Reafirmando a autonomia dos povos e, reforçando a necessidade de construir cada vez mais espaços de trocas de saberes coletivas entre eles, Maria de Fátima Alves, da Codecex, pontua a importância da ação. “Uma atividade importante, pois complementou a produção das comunidades, devido a essa pandemia a comercialização de flores e outros produtos ficaram suspensos. Além do mais, foi um momento rico de troca de experiências de saberes e uma oportunidade para começarmos a pensar em uma comercialização mais estruturada, uma vez que, ainda estamos muito nas feiras, e essa troca nos abre outras possibilidades”, afirmou.
Saberes e vivências ameaçados
Mais do que uma ação solidária com comida, este momento se configurou também como um espaço de trocas e partilhas de conhecimentos, bem como vivências ancestrais em torno da produção e reprodução da vida. A história e memória dos povos que vivem na região se misturam com a resistência da população negra no período colonial à repressão das tropas imperiais em seus territórios.

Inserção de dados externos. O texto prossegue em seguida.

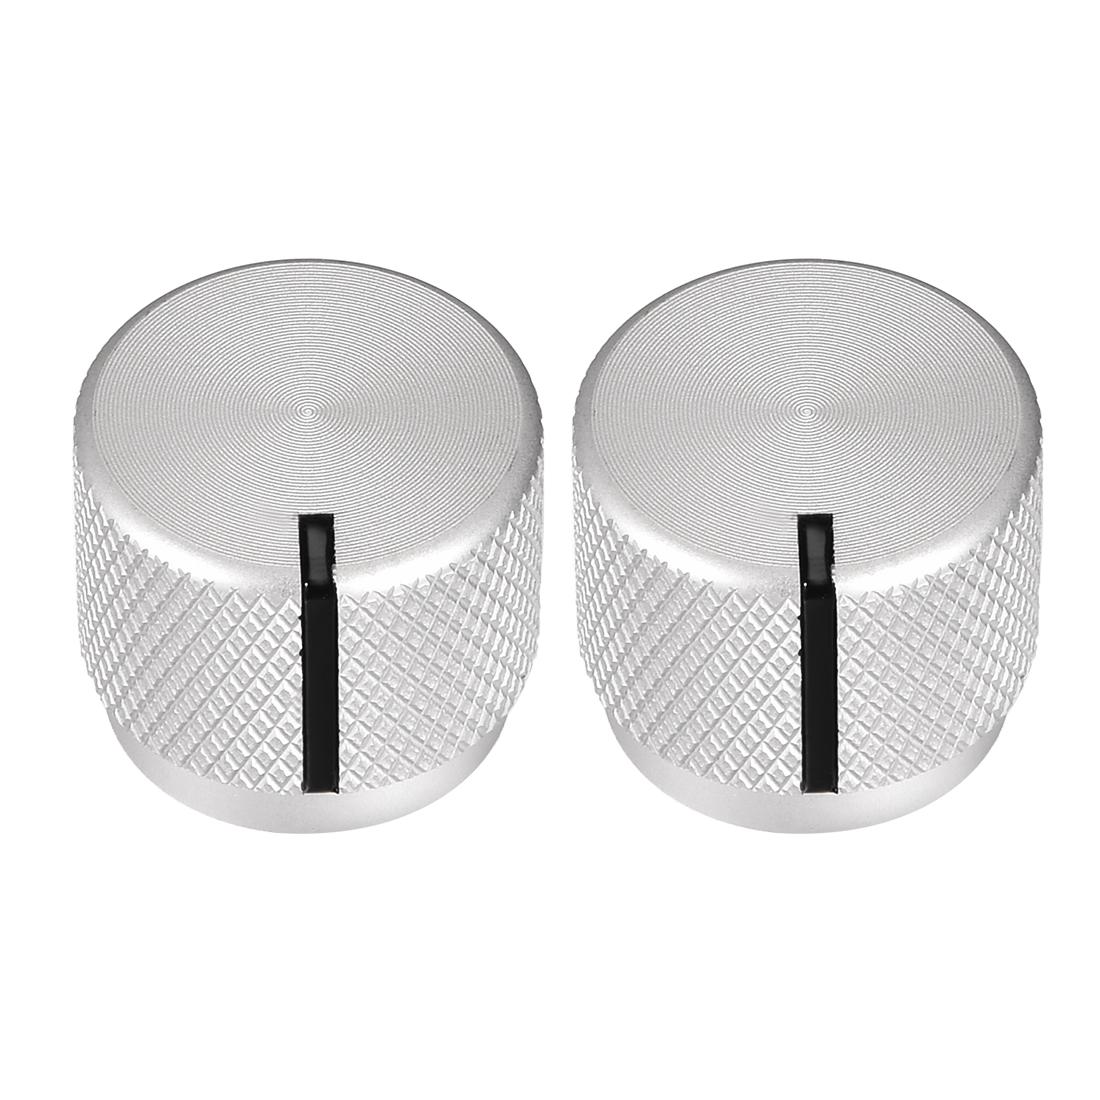 Stereo Knob, 20*6*17 mm Aluminium Alloy, Volume Control Knobs, Sliver 2pcs

No local, a vegetação predominante é de cerrado gramíneo lenhoso e campo rupestre, o que possibilita a manutenção da agricultura agroecológica e orgânica vinculada diretamente à sobrevivência local, porém, muito afetada neste período de pandemia. Inclusive, estas comunidades possuem o selo da FAO/ONU de sistemas agrícolas mundiais relevantes para a soberania alimentar, mas que tem na pandemia de Covid-19 um agravante em sua situação alimentar, o que coloca como fundamental essa iniciativa solidária com outros movimentos do campo, como o MST.

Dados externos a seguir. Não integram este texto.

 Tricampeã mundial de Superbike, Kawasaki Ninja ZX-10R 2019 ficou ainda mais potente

No entanto, enquanto as comunidades lidam com os impactos da pandemia e da crise do sistema capitalista que ameaça diariamente seus direitos em seus territórios, os órgãos públicos responsáveis por amparar essas comunidades aumentam ainda mais a distância entre sua responsabilidade e dever social, deixando estes povos mais uma vez expostos pela ameaça da mineração por grandes empresas transnacionais, apontam as comunidades.
A assessora jurídica Ceci Martins, criticou esse processo e expõe que este cenário é a realidade de inúmeras comunidades e povos do campo pelo Brasil afora. “Nesse período de Pandemia o distanciamento do poder público no amparo aos direitos básicos para povos tradicionais ainda está muito aquém da realidade no acesso à saúde e alimentação. As apanhadoras têm reivindicado direitos básicos junto aos poderes municipais e estaduais, sem retorno satisfatório para as necessidades de proteção da saúde coletiva das comunidades e preservação dos seus territórios nesse momento de calamidade pública e crise sanitária global. Contudo, empreendimentos minerários e monocultura de eucalipto não paralisaram suas atividades dentro dos territórios nesse período, arriscando o aumento da contaminação e ameaçando os modos de vida das comunidades.”

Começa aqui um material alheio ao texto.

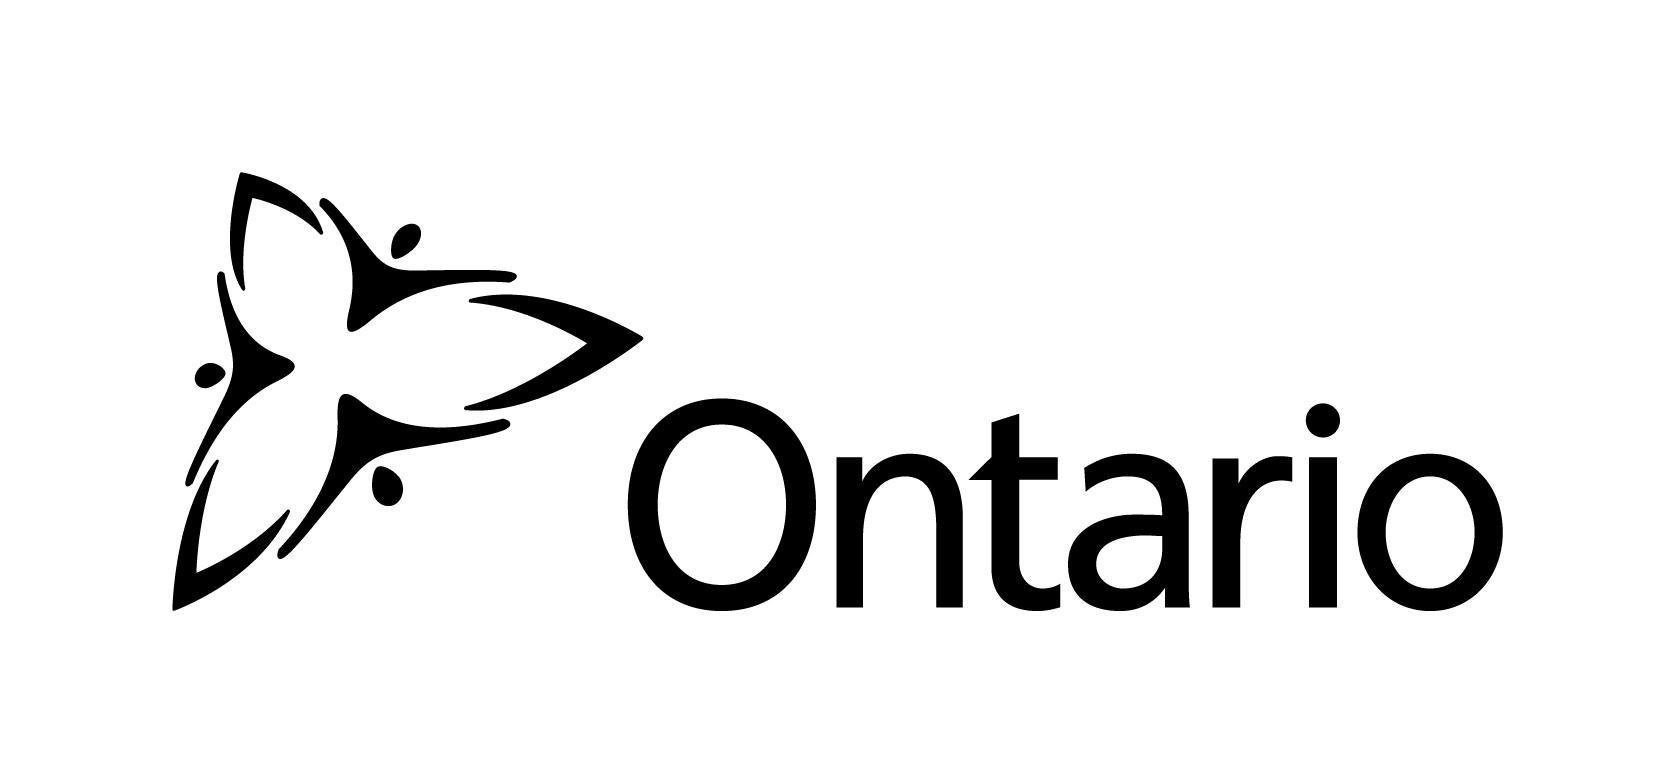 tbs-visualidentity-Ontario-logo-Blk.jpg

Do outro lado, está a organização do povo. Paula comentou que durante a pandemia de Covid-19, o MST participou e organizou diversas ações de solidariedade, como a doação direta de alimentos das famílias assentadas e acampadas para as famílias da cidade e de outras comunidades camponesas. Além disso, esteve em ações em que os produtos da Reforma Agrária e da agricultura familiar foram adquiridos para a montagem de cestas com produtos agroecológicos e orgânicos e, depois distribuídos para famílias em situação de vulnerabilidades. Essa ação solidária em Diamantina integra o conjunto de atividades realizadas durante a pandemia.